Partial Derivatives of an Integral

[knowLittle]

Homework Statement

Find the partial derivatives:
f(x,y)= integral[x,y] cos(t^2)dt, find f_x(x,y) and f_y(x,y)

Homework Equations

I know from calculus that the derivative of an integral is the function.

The Attempt at a Solution

I found that the integral of [x to y] cos(t^2)dt=sin(t^2)= sin(y^2)-sin(x^2)

and then found the partial derivative of this.
fx=-2xcos(x^2)
fy=2ycos(y^2)

I have seen other procedures and I think I'm wrong. Could someone help?

 

[Fredrik]

I found that the integral of [x to y] cos(t^2)dt=sin(t^2)

This is wrong. One way to see that is to compute d/dt sin(t^2).

You need to use the idea you described under "relevant equations". You should start by making your statement of that idea more precise. If g:ℝ→ℝ, then d/dx (what?) =g(x).

 

[knowLittle]

differentiate the integral as a function of x, how is that possible?
I would need a relation between x or y and t; however, none is shown other than the integral and the function.

 

[Fredrik]

If you can fill in the "what?" in the formula I typed, the rest is easy. t can't have a relationship with either x or y, since t is being integrated over.

 

[knowLittle]

I don't know what to write instead of "what". It could be the integral [x y]: cos(x^2)dx

 

[DrewD]

Be more general. Fill in the blank with a general expression and then apply it to this problem. How can one, in general, express the antiderivative of $g(x)$? You already pointed this out in your first post. Now write the general expression.

 

[Fredrik]

I don't know what to write instead of "what". It could be the integral [x y]: cos(x^2)dx

Forget about this problem for now, and just explain what you meant when you said that you know that "the derivative of an integral is the function"?

 

[knowLittle]

Ok.
I have: integral of [ f(x) ], then the derivative of: integral of [f(x)] = f(x).
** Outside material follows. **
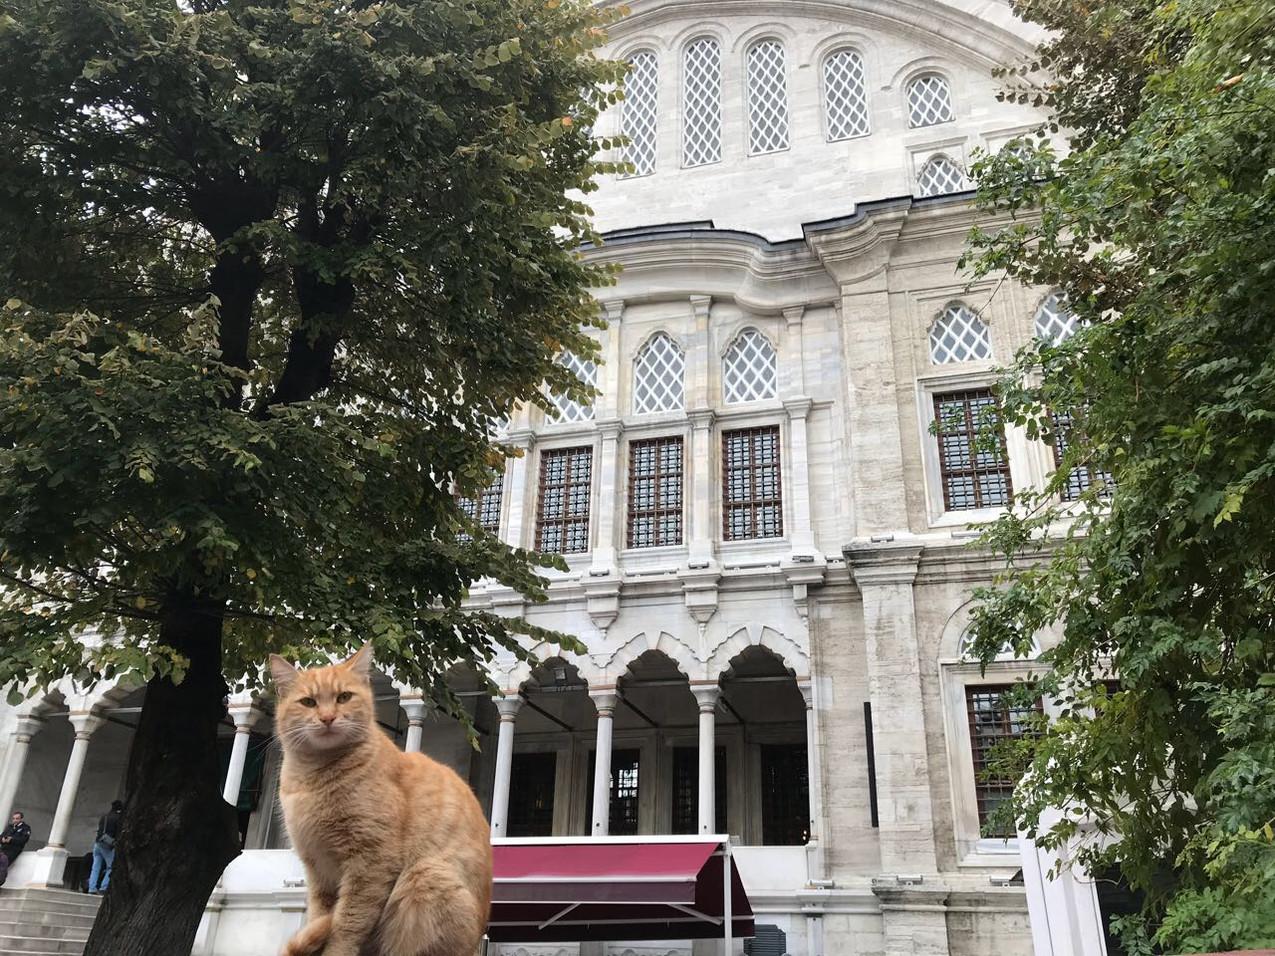 世界遺産だらけの旧市街と猫(猫だらけ)(トルコらしい画その参)

or (d/dx)(integral(f(x))=f(x)

Thank you for your help so far. I can't see things clearly often.

 

[Fredrik]

You're still not specific enough. What are the limits of the integration in the formula d/dx[some kind of integral involving f]=f(x)?

 

[knowLittle]

(d/dx)INTEGRAL{f(x)dx }=f(x)

 

[Fredrik]

No, you need to specify what interval you're integrating over.

Edit: OK, I'll just tell you: For all $a\in\mathbb R$,
$$\frac{d}{dx}\int_a^x f(t)dt=f(x).$$

 

[knowLittle]

If you can fill in the "what?" in the formula I typed, the rest is easy. t can't have a relationship with either x or y, since t is being integrated over.
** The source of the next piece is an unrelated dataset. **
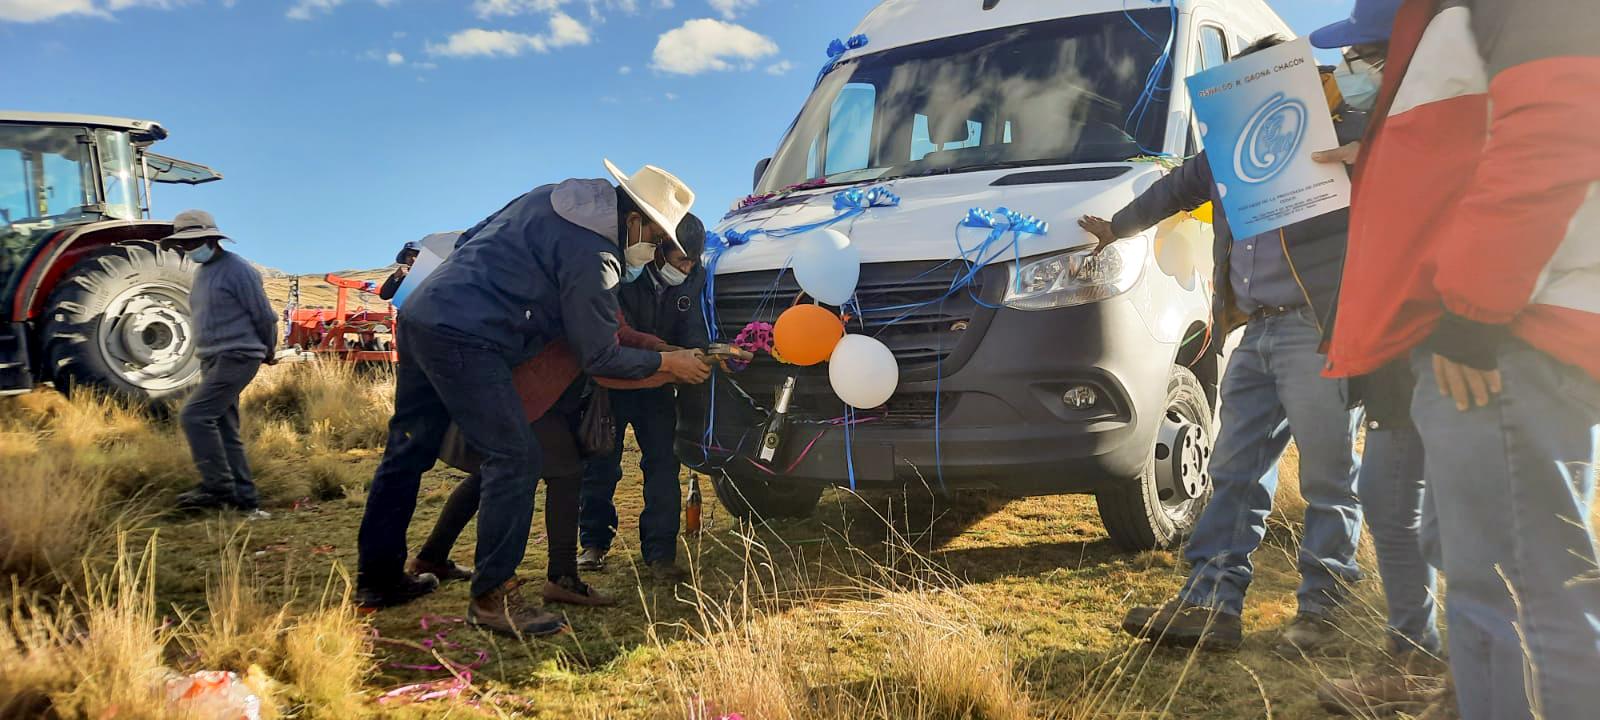 Antapaccay entregó vehículo de transporte y tractor agrícola equipado a la comunidad Alto Huarca

I thought that "t" can't have a relationship with either x or y?
Why do you relate them?

 

[Fredrik]

I didn't. t clearly doesn't depend on x, and since it makes no difference what variable you use as the dummy variable in the integration (i.e. you can substitute s for t without changing the value of the integral), x doesn't depend on t either.

 

[knowLittle]

Ok, so "t" can be any value from [a , x]?

 

[Fredrik]

I wouldn't say that. Consider the simpler example $\sum_{k=1}^2a_k$. What value does k have here? The notation is just an abbreviation for $a_1+a_2$, and k doesn't even appear in that. k only appears in the abbreviation, and can be replaced with any other variable without changing the meaning of the notation. So I wouldn't say that k can be any value in {1,2}. I would say that k isn't even a part of the expression we're working with, and that it's never assigned a value.

Similarly, $\int_a^x f(t)dt$ is an abbreviation for something that doesn't involve t. This is why these things are called "dummy variables".

 

[knowLittle]

Thank you, It's much more clear now. So, for the original problem. It would be:
(d/dx) integral from [a to x] f(t)dt =f(x)

what would "a" be in the original problem?

 

[Fredrik]

You specified that $f(x,y)=\int_y^x\cos^2 t\, dt$. Not sure I can tell you much more than that because of the forum rule that requires me to only give hints, not solutions. I suggest that you try to compute $\frac{\partial}{\partial x}f(x,y)$, using that definition of f and the formula I posted. (The f that appears in that formula is of course an arbitrary integrable function).

 

[knowLittle]

If I let "a" be "y" , then from your formula
http://texify.com/$%255Cdfrac%2520%257Bd%257D%2520%257Bdx%257D%255Cint%2520_%257By%257D%255E%257Bx%257Df%255Cleft(%2520t%255Cright)%2520dt%253Df%255Cleft(%2520x%255Cright)%2520$[/PLAIN]

would be

http://texify.com/$%255Cdfrac%2520%257Bd%257D%2520%257Bdx%257D%255Cint%2520_%257By%257D%255E%257Bx%257D%255Ccos%2520%255E%257B2%257D%255Cleft(%2520t%255Cright)%2520dt%253D%255Ccos%2520%255E%257B2%257Dx$

 

[Fredrik]

Right. Now you have almost solved the problem. Can you figure out how to compute the other partial derivative? (I have to do something else for the next hour or two, so I won't reply as fast).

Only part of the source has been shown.